We switched to the envelope system a while ago, after years of snickering at the practice, and I’m beginning to think it works. Somewhat. The envelope system is a cash-only budgeting technique in which you stick the cash you’ve thoughtfully allotted for Groceries, Dining Out, Clothes and other expenses in as many envelopes as you need. The envelopes are labeled according to the category. Then you go about your business, dropping Hamiltons, withdrawing greenbacks from their proper envelopes as you need them. When the Grocery or Dining Out or Gas Money envelope is empty, you stop spending. That’s it. That’s the system.
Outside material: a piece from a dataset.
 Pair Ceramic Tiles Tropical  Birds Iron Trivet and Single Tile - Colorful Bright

The system works because it:

  1. Keeps you from using credit cards, which are the dirty handmaidens of Satan
  2. Keeps you from using your debit card profligately
  3. Forces you to constantly confront your desire to spend

Mire and I have been experimenting with the envelope system only a month, and I’ll let you know how it goes in the long run. We made a few concessions at the beginning. We are focusing only on the two line items in our budget that were bugging us: Groceries and Dining Out/Entertainment. I know it sounds like there are three categories there, but that’s how we set it up in our MSMoney program. That’s concession #1. Concession #2 was, well, we didn’t use envelopes. Mire puts the Grocery money in her wallet, and I put the Dining Out/Entertainment money in mine. (”Because, when we we go out someplace nice, I want you to pay,” is how she decided the issue.) Since we are inseparable, having one person carrying around one budget item’s worth of cash every day doesn’t present a problem. But I concede that we are not sticking strictly to the system, and that other couples and singles need to come up with a strategy that works best for them.
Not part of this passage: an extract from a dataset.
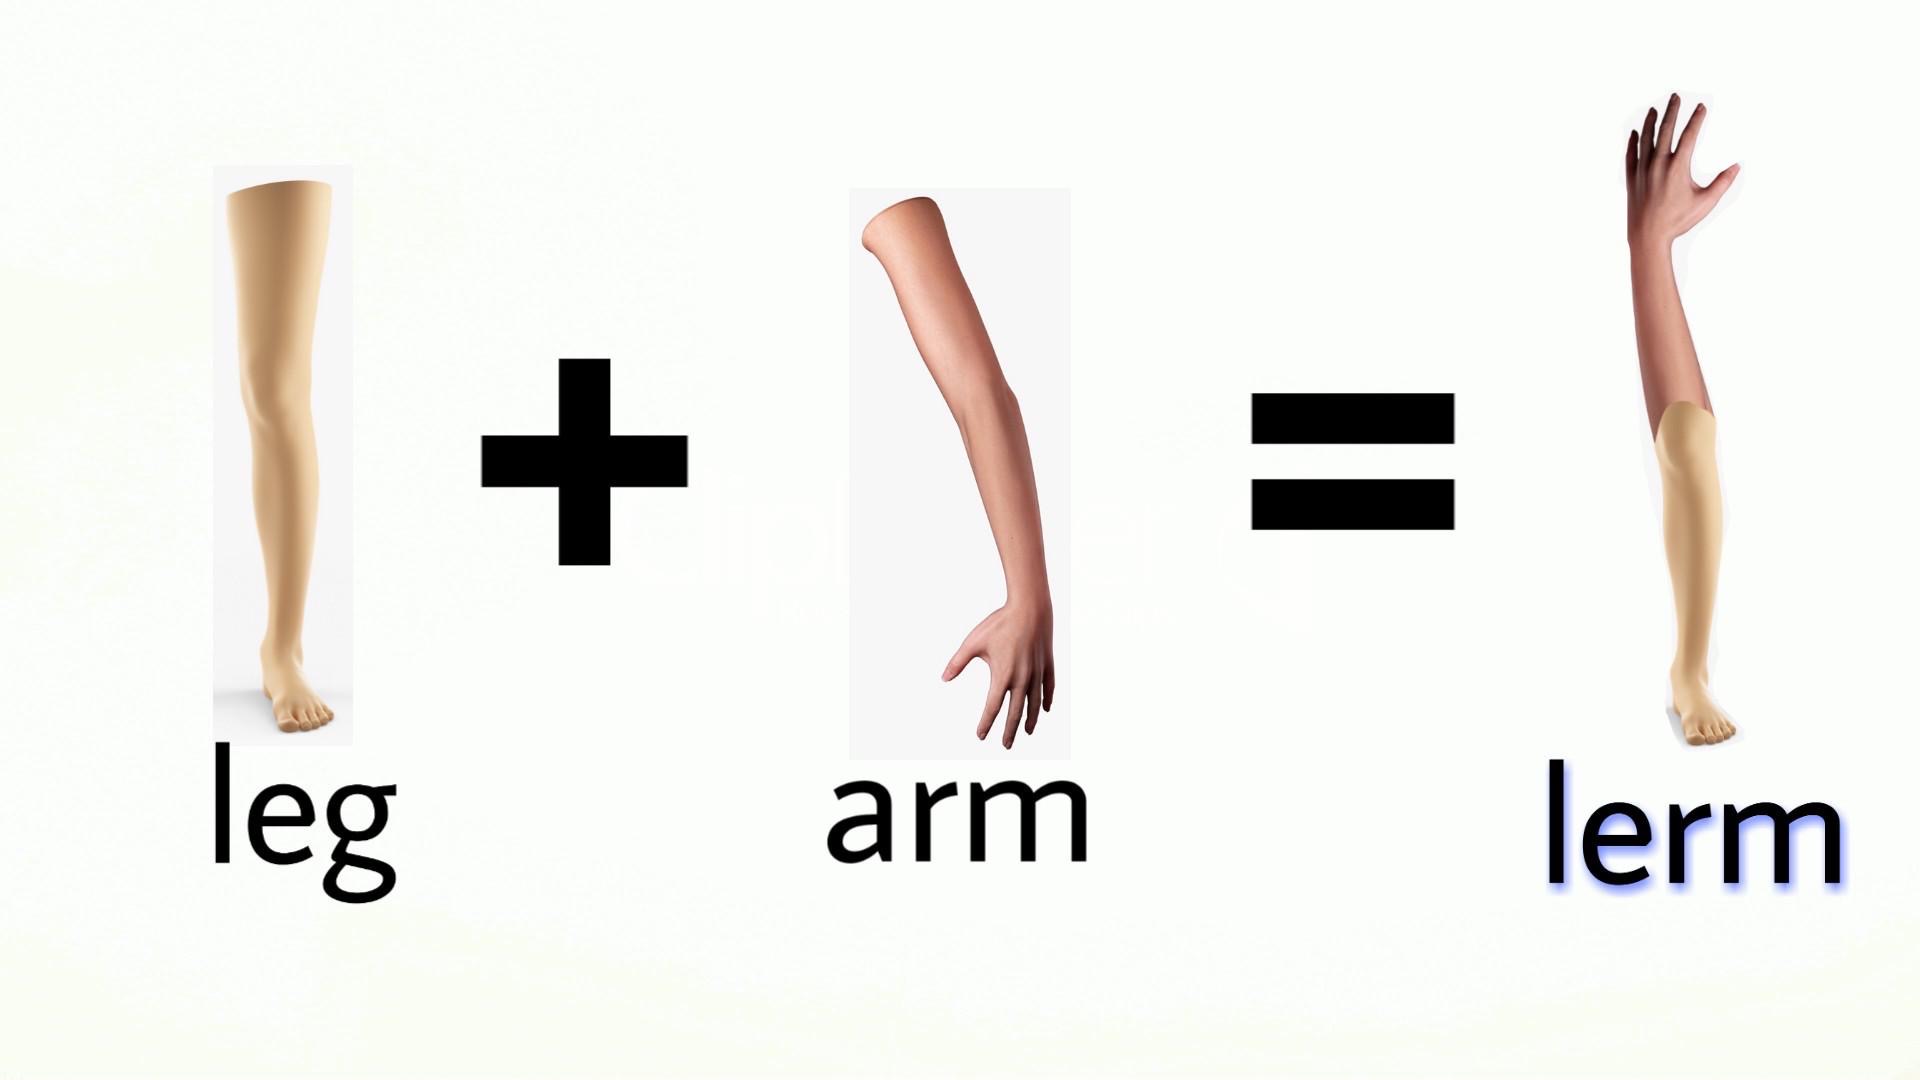 surreal memes - human leg - leg arm lerm

Before you ask, all other spending gets slapped on the debit card. We don’t think this will be a problem, because after three years of mind-numbing analysis, we have zeroed in on these three categories—food we eat in, food we eat out, and the sweet, siren call of the cinema—as the things most likely to get us into trouble. I’ll let you know what happens. Watch: Our Postage category will balloon to $18,000 a month.
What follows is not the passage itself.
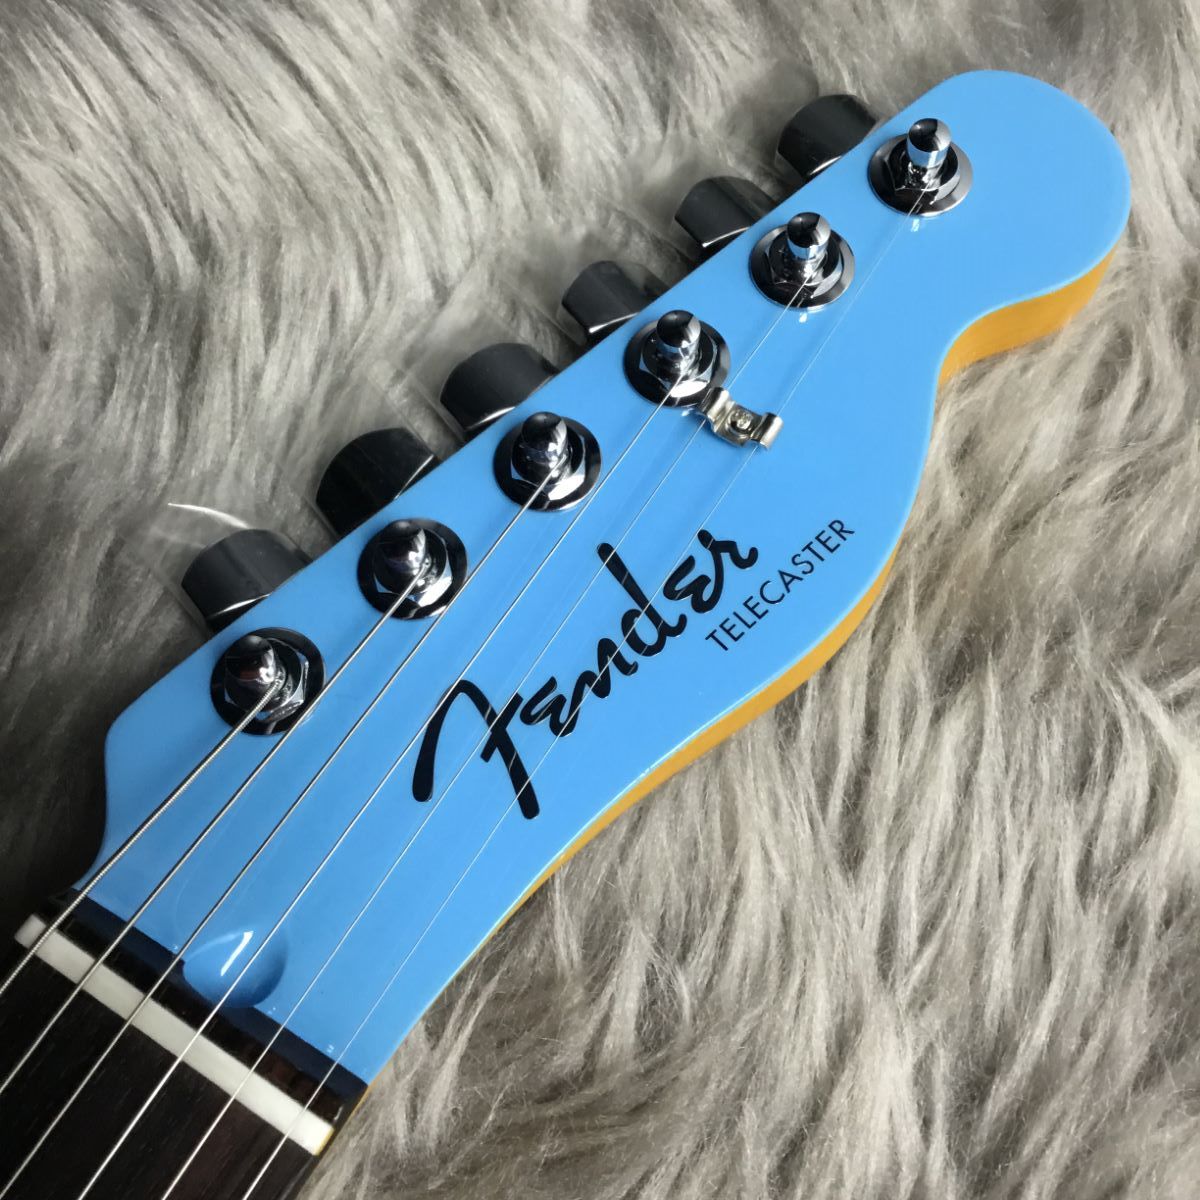 Fender Aerodyne Special Telecaster California Blue テレキャスター

Anyway, it’s amazing how it works. Say we’ve got five days left before the next permitted infusion of cash, the Dining Out/Entertainment envelope holds $12, and we want to go somewhere nice for a drink. We peek in the wallet and say, “Hmmm….Two glasses of wine would cost at least $12, and we won’t have anything for a tip. How bad do we want this drink, anyway? Is it the drink we want, or do we just want to get out of the house? Would a glass of wine at home be OK, or do we just need to take a walk? Do we even have wine at home? Could we spend the Grocery money on it? Could we go somewhere and have a coffee instead? How stupid do we look standing on a sidewalk talking to a wallet?” These are all things we would not have contemplated if we didn’t have the envelope system—er, wallet system—in our life.

One day, we were both stunned to hear ourselves say, albeit in different words, “I want to go for a drink in a nice place because it makes me feel nice about myself.”

Whoa.

By talking to a wallet or an envelope, you learn that money is tied to choices based on values. If you can get to the heart of your values, you might figure out where all that cash goes.